• YOUR GOAL: Please take the records that follow and repeat exactly the lines starting with the line with "dans un intérieur." and going on through the line with "组 戴帽子 各种各样 卡通 动物 头像 元素 设计素材 创意设计 小动物 可爱 矢量素材".

• GIVEN RECORDS:
★ ★ ★ ★ ★ ★ ★
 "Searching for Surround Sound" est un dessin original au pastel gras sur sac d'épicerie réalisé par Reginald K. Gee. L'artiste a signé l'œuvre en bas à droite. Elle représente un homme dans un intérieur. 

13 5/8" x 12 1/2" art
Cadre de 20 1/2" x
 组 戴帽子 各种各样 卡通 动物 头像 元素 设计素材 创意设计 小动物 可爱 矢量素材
★ ★ ★ ★ ★ ★ ★
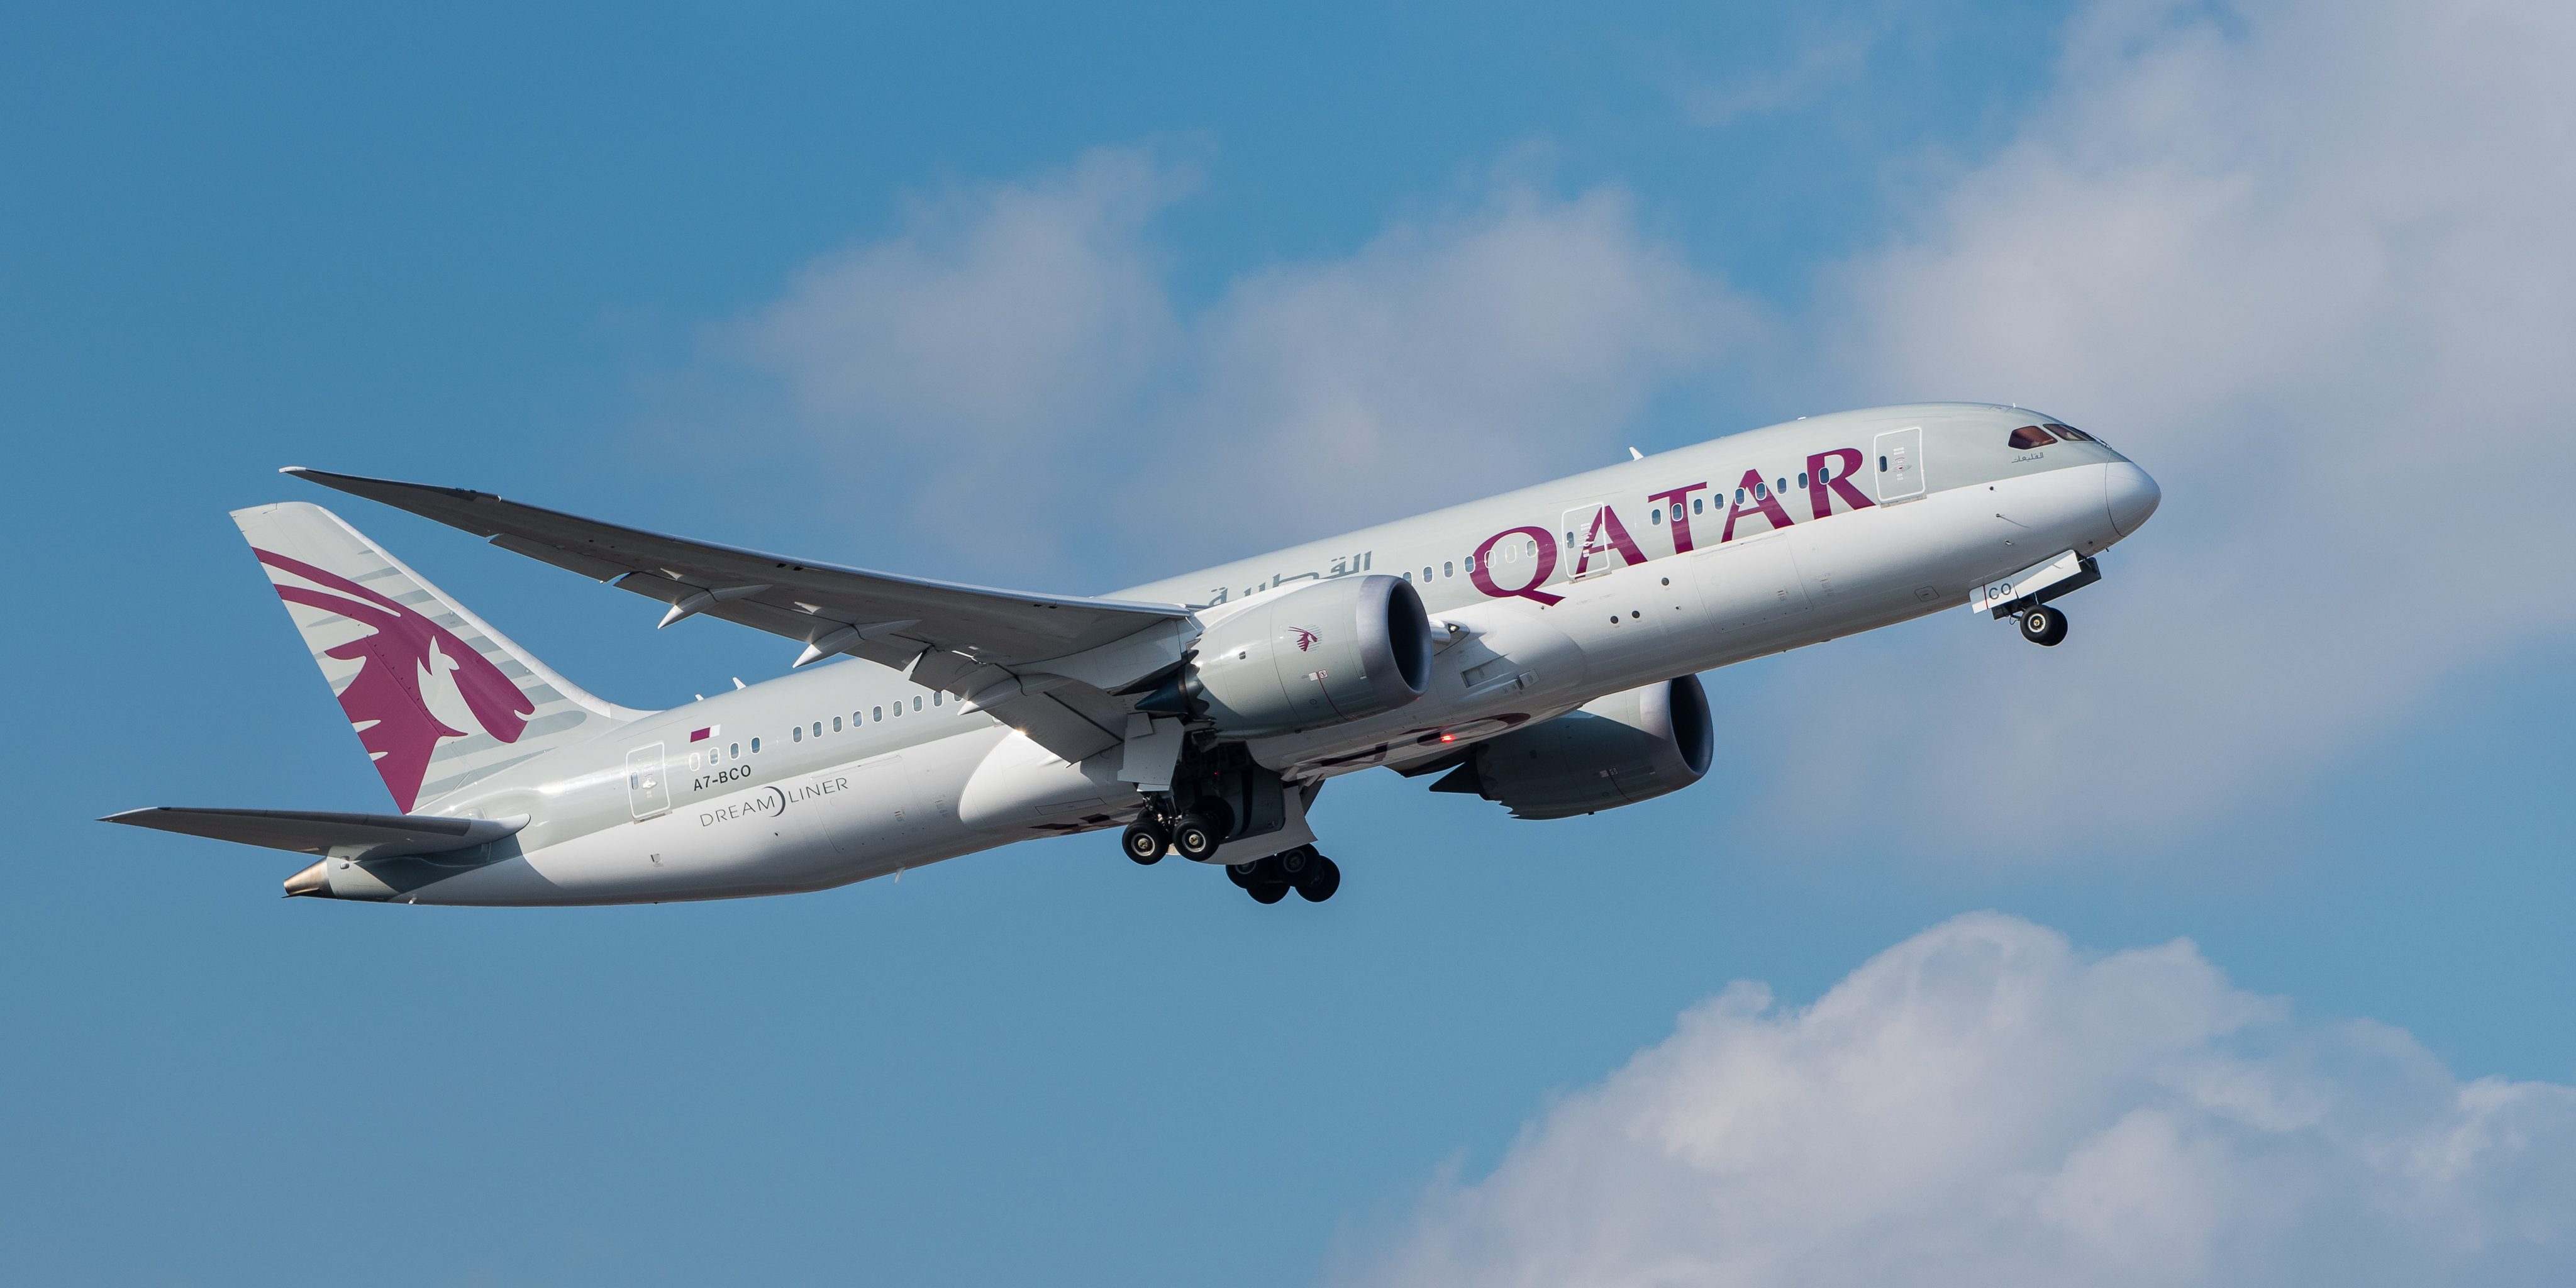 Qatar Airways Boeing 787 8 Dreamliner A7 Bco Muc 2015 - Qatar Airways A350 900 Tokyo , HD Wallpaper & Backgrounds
★ ★ ★ ★ ★ ★ ★
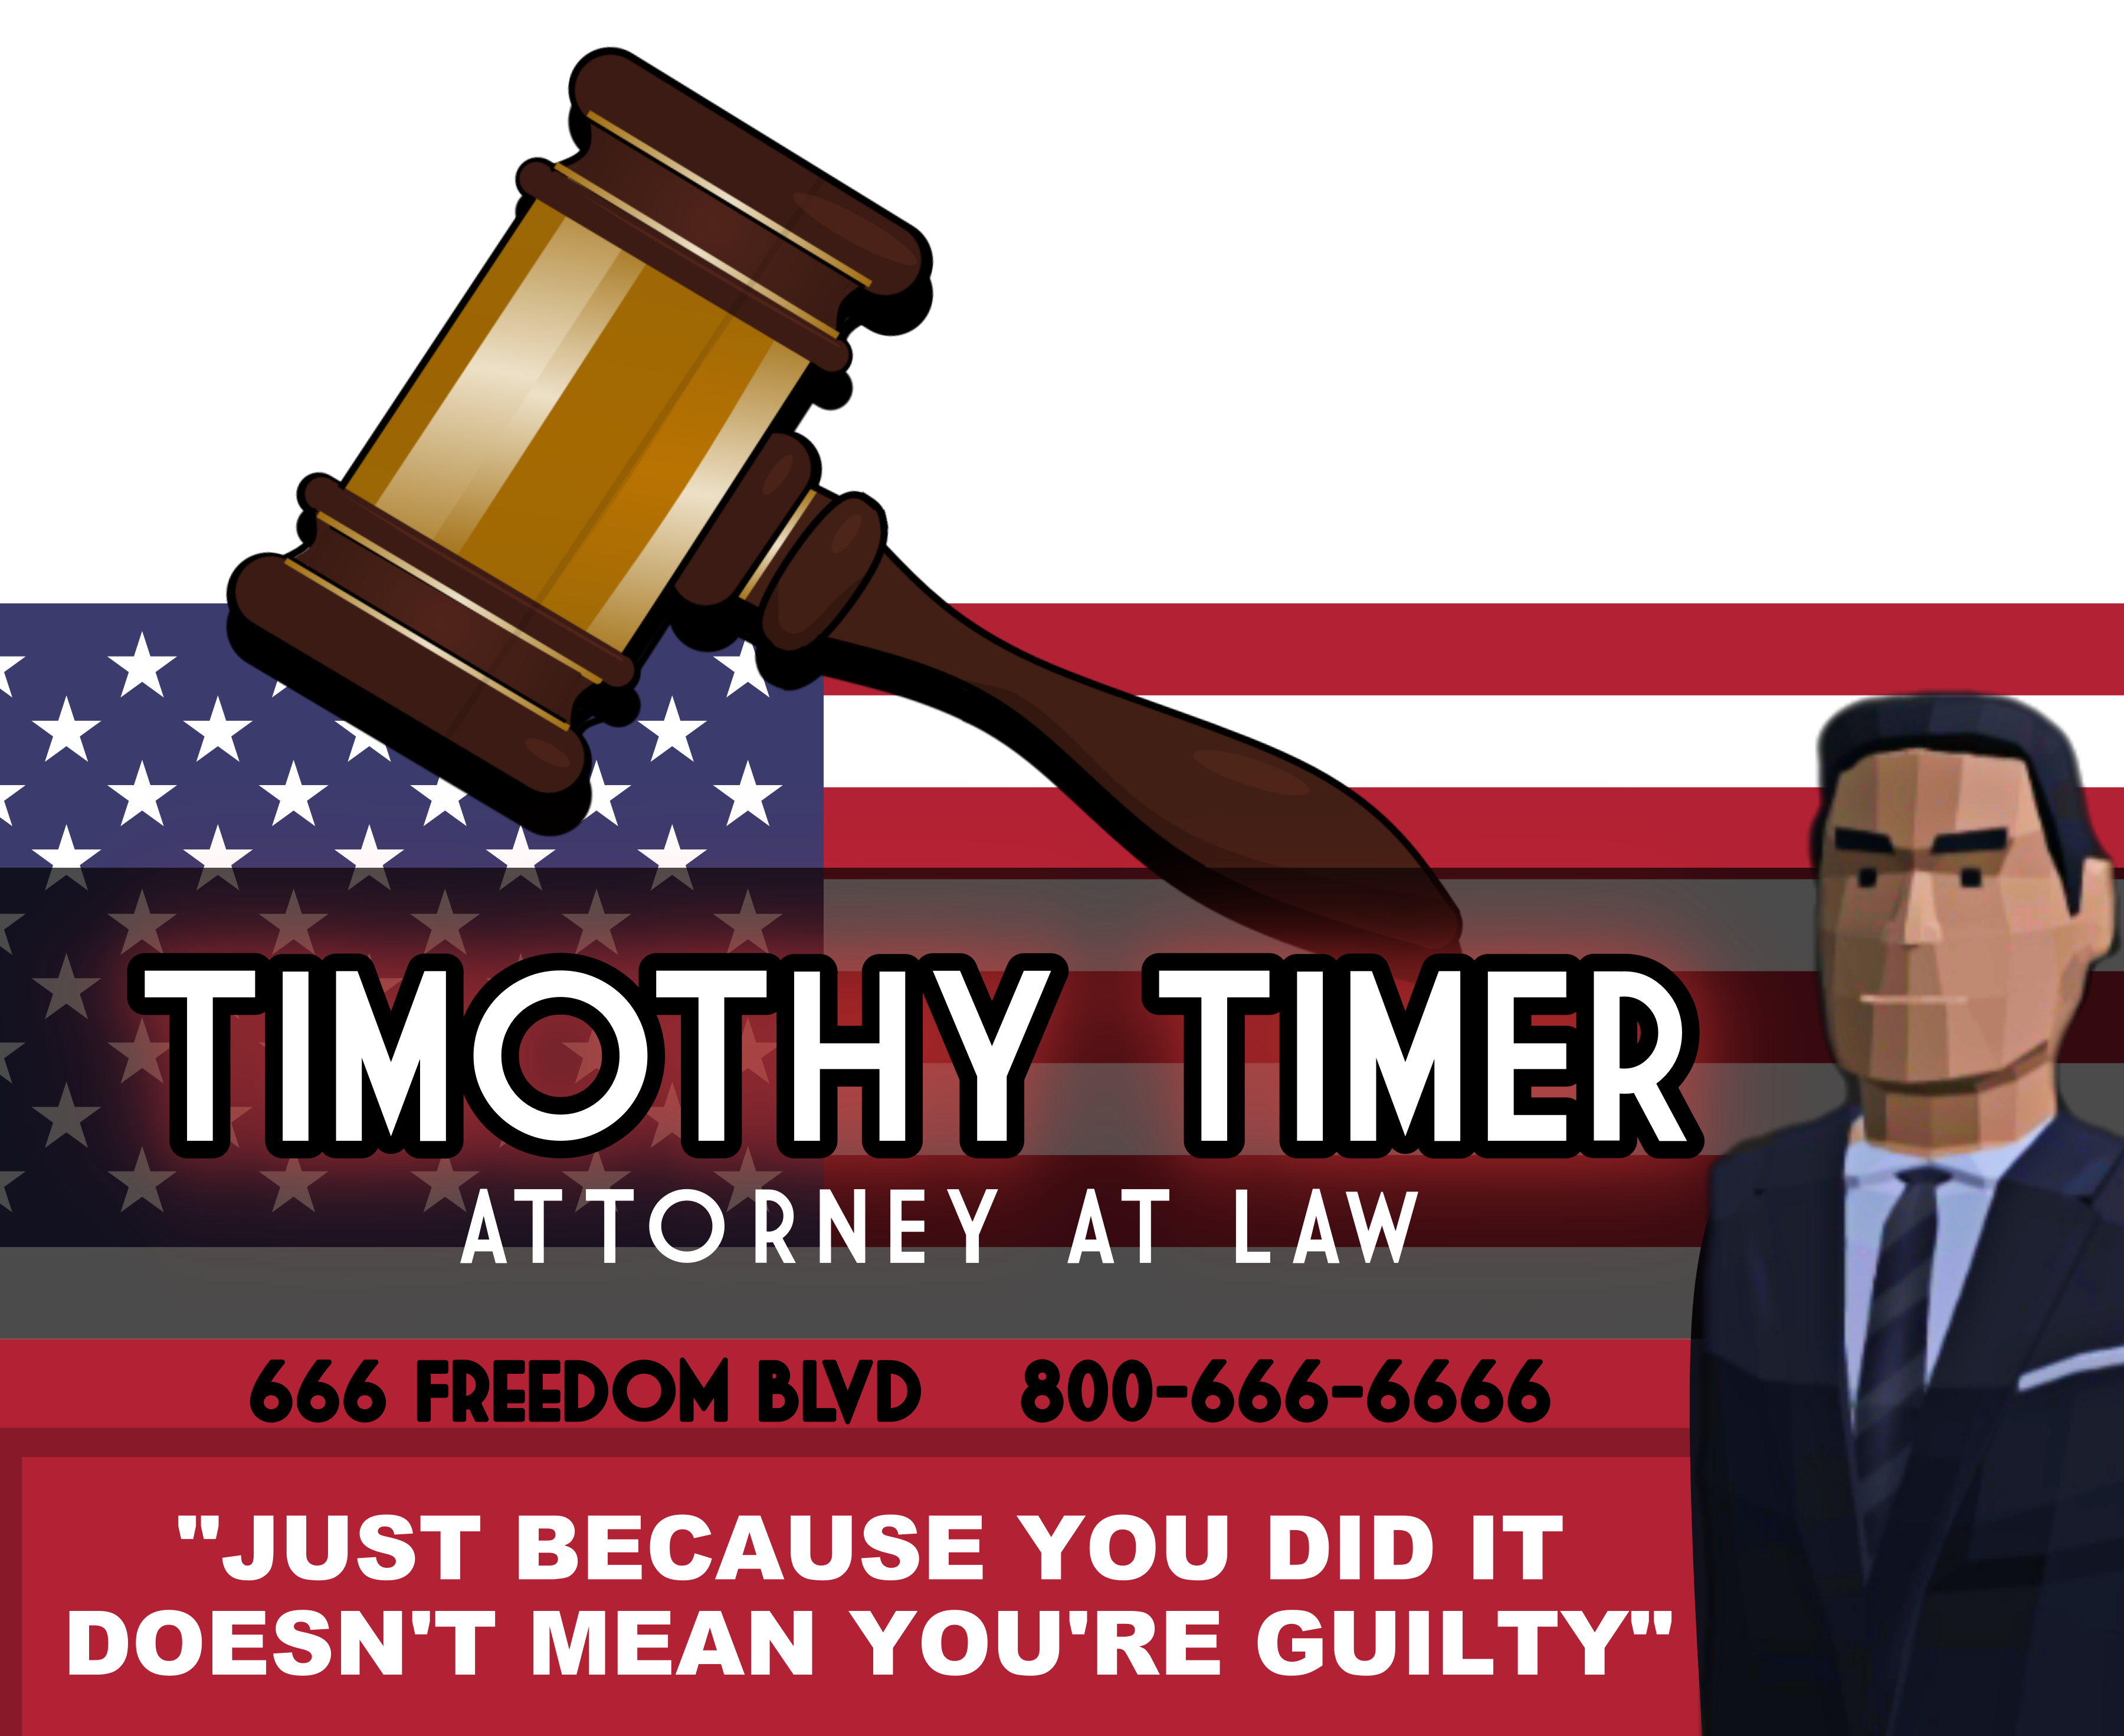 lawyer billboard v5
★ ★ ★ ★ ★ ★ ★
• RESULT:
 "Searching for Surround Sound" est un dessin original au pastel gras sur sac d'épicerie réalisé par Reginald K. Gee. L'artiste a signé l'œuvre en bas à droite. Elle représente un homme dans un intérieur. 

13 5/8" x 12 1/2" art
Cadre de 20 1/2" x
 组 戴帽子 各种各样 卡通 动物 头像 元素 设计素材 创意设计 小动物 可爱 矢量素材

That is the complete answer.